The problem:
Write out exactly the lines from the one that contains "Seascape in Almeria, Cabo" down to the last line of the material below, keeping both ends and omitting pictures.

Segment Start: The data

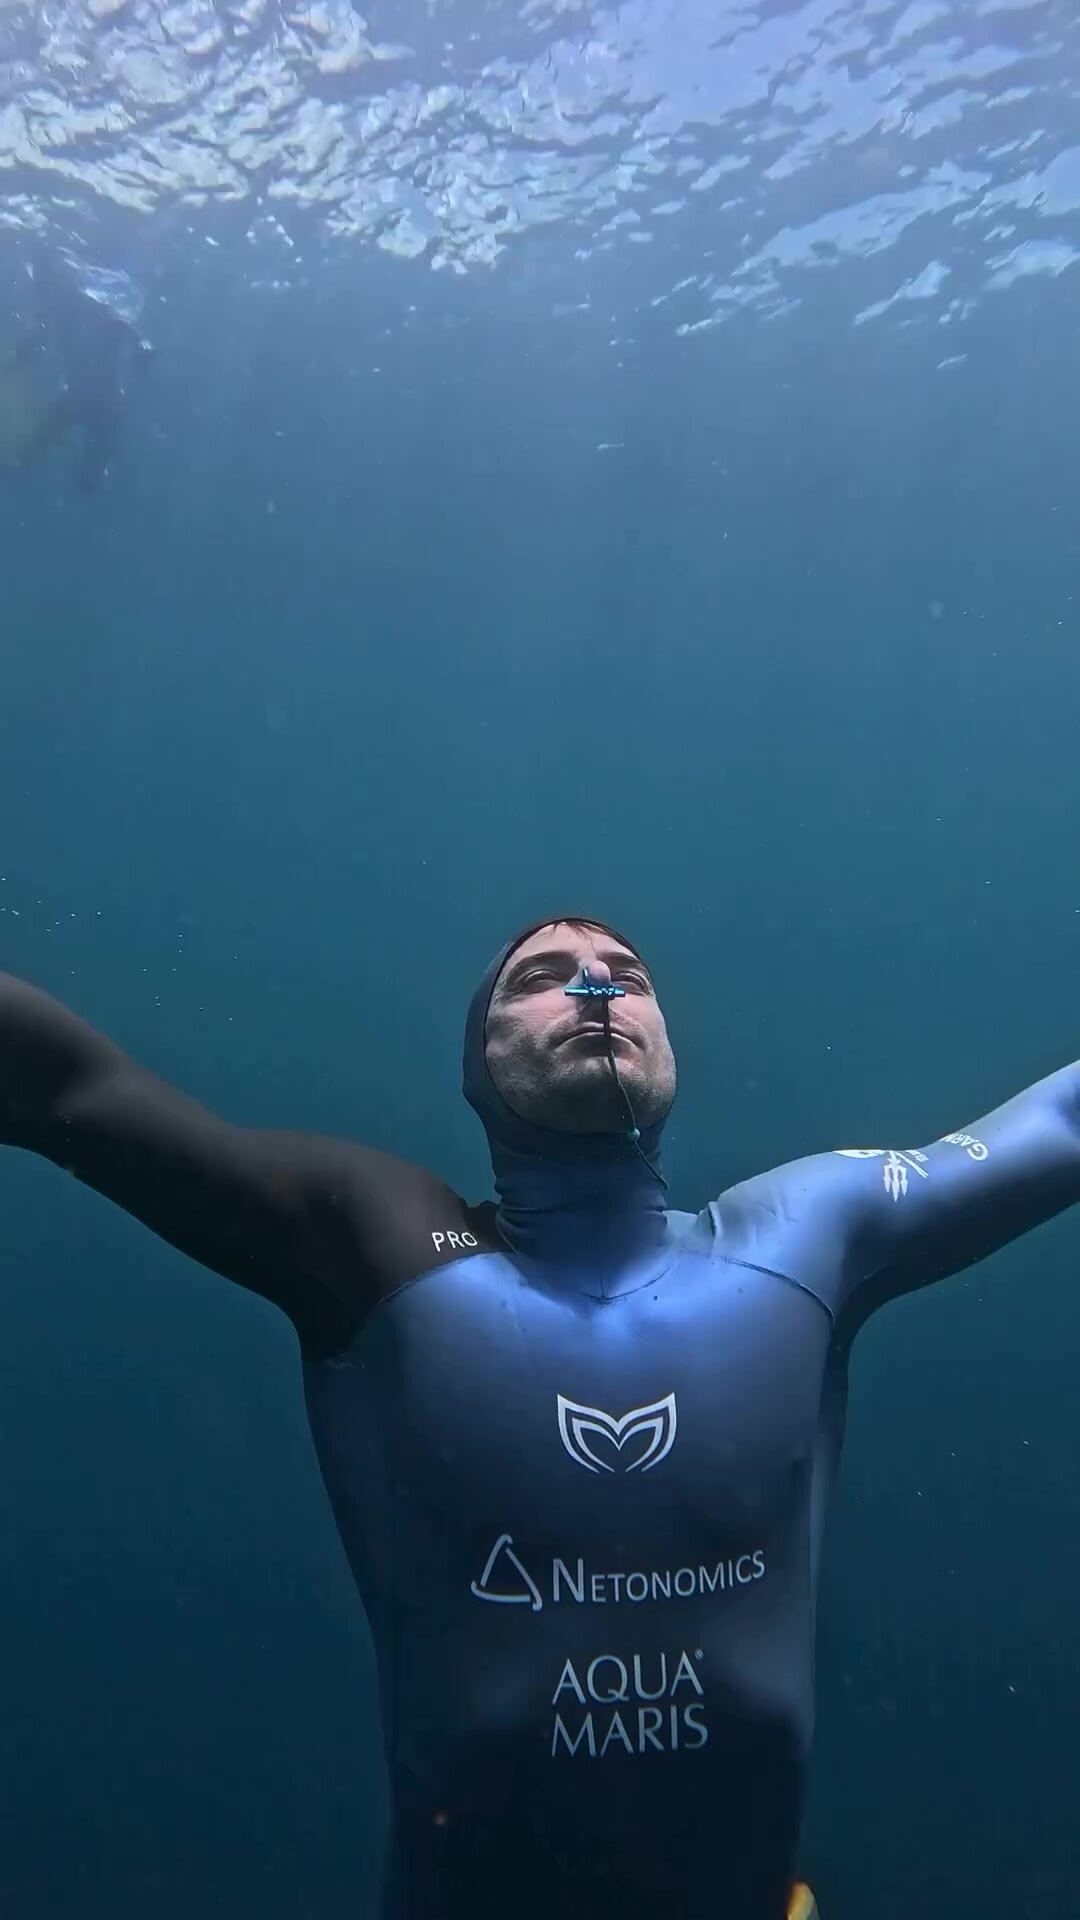 Barefaced underwater freediver surfacing
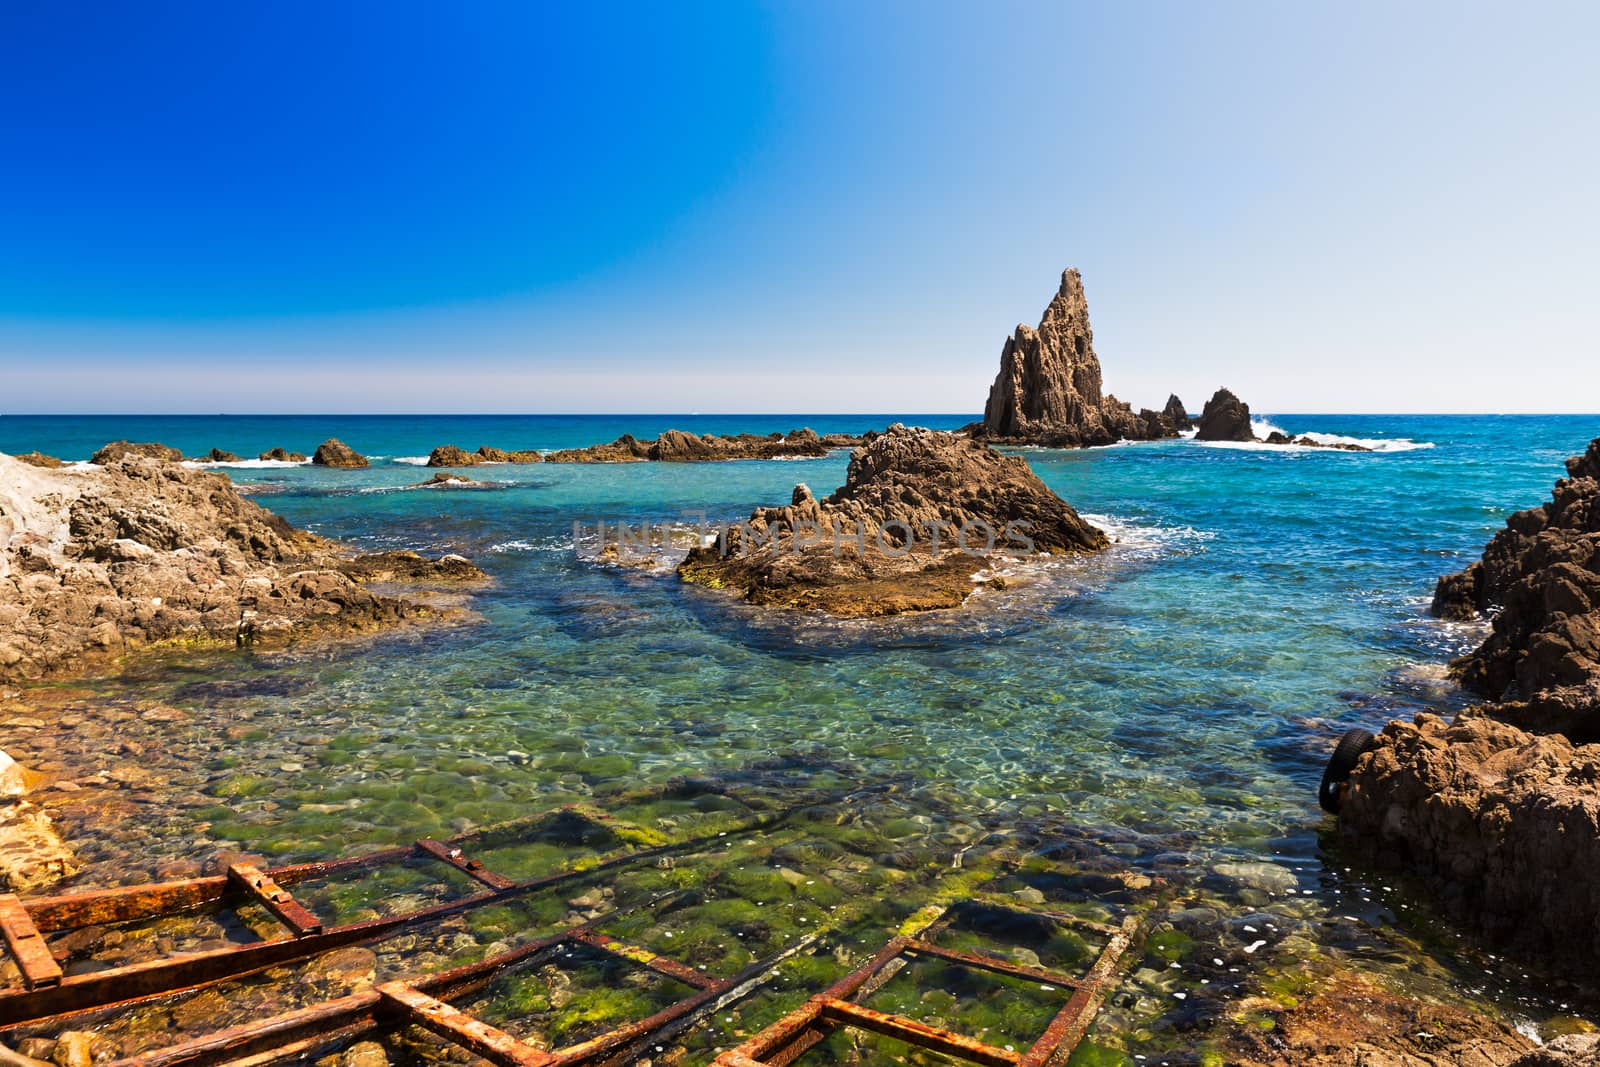 Seascape in Almeria, Cabo de Gata National Park, Spain by fisfra
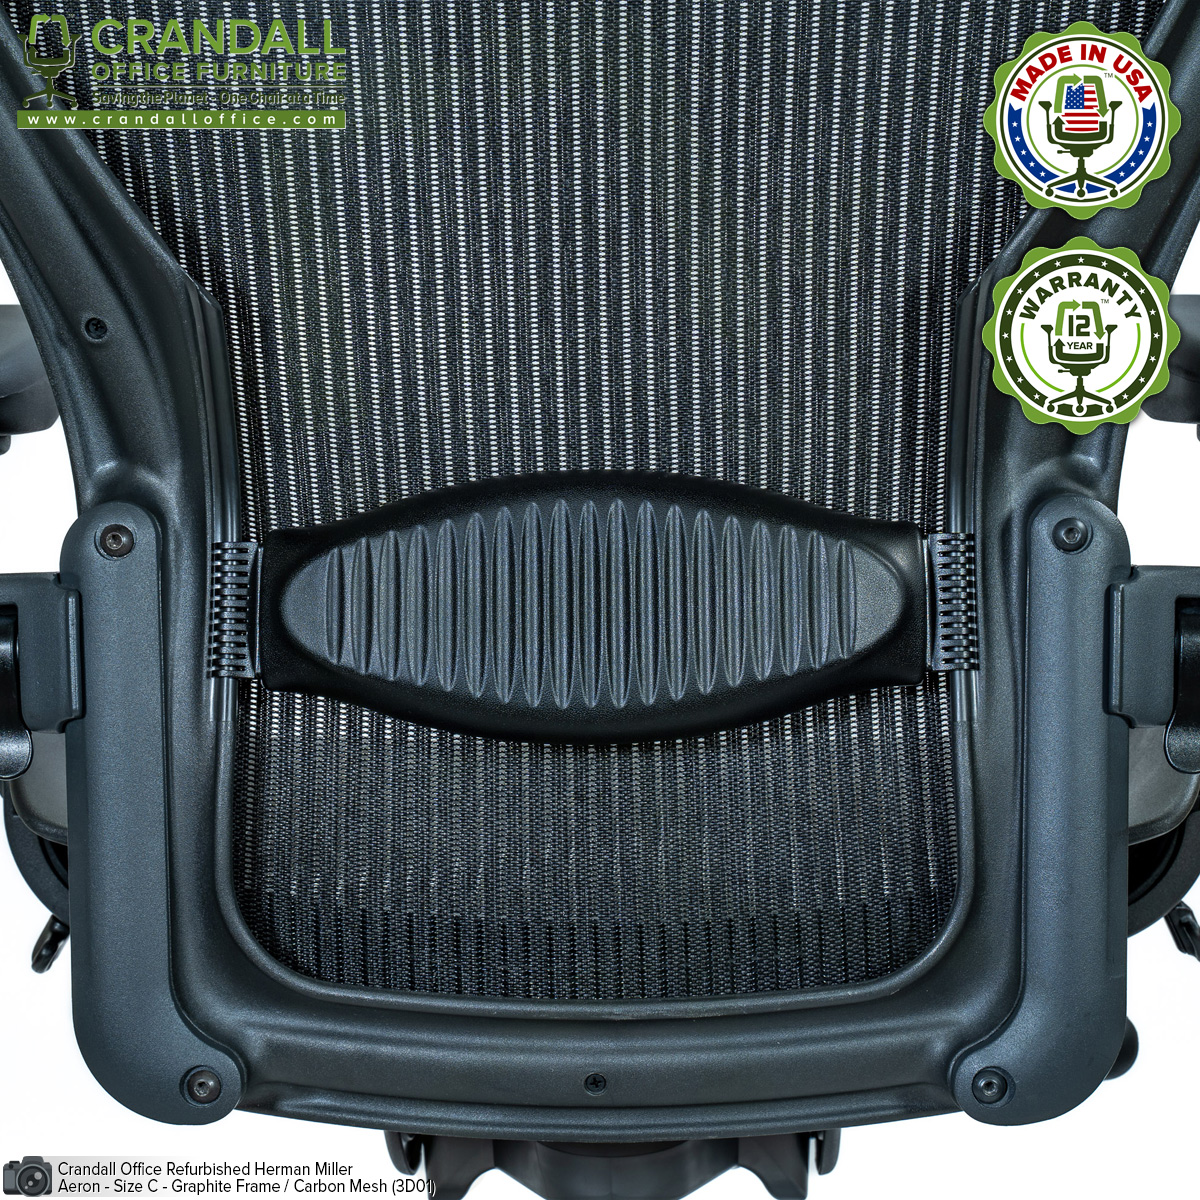 Refurbished Herman Miller Aeron Chair - Size B - 2 Year Warranty
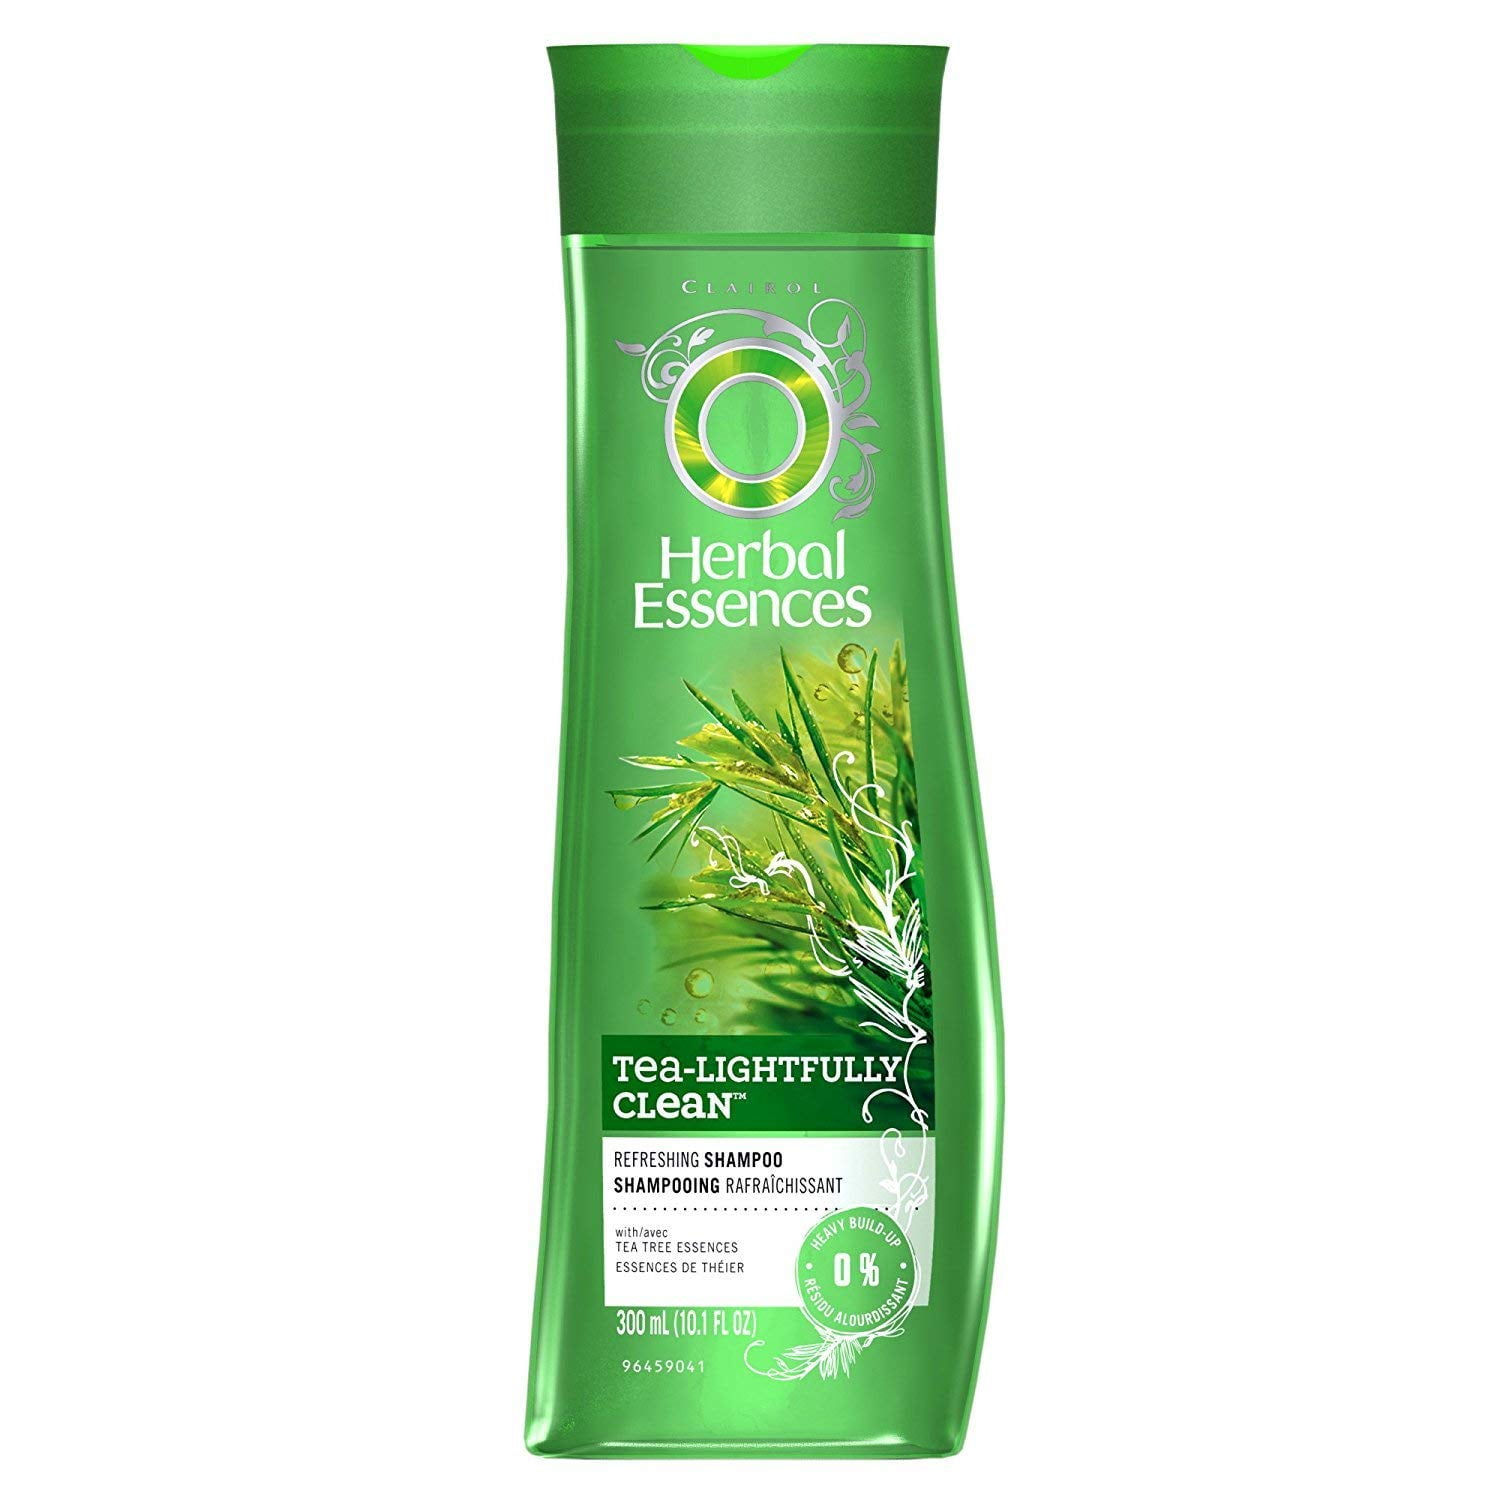 Herbal Essences Tea-Lightfully Clean Refreshing Shampoo 10.1 FL OZ

Segment End: The data

Exercise answer:
 Seascape in Almeria, Cabo de Gata National Park, Spain by fisfra
 Refurbished Herman Miller Aeron Chair - Size B - 2 Year Warranty
 Herbal Essences Tea-Lightfully Clean Refreshing Shampoo 10.1 FL OZ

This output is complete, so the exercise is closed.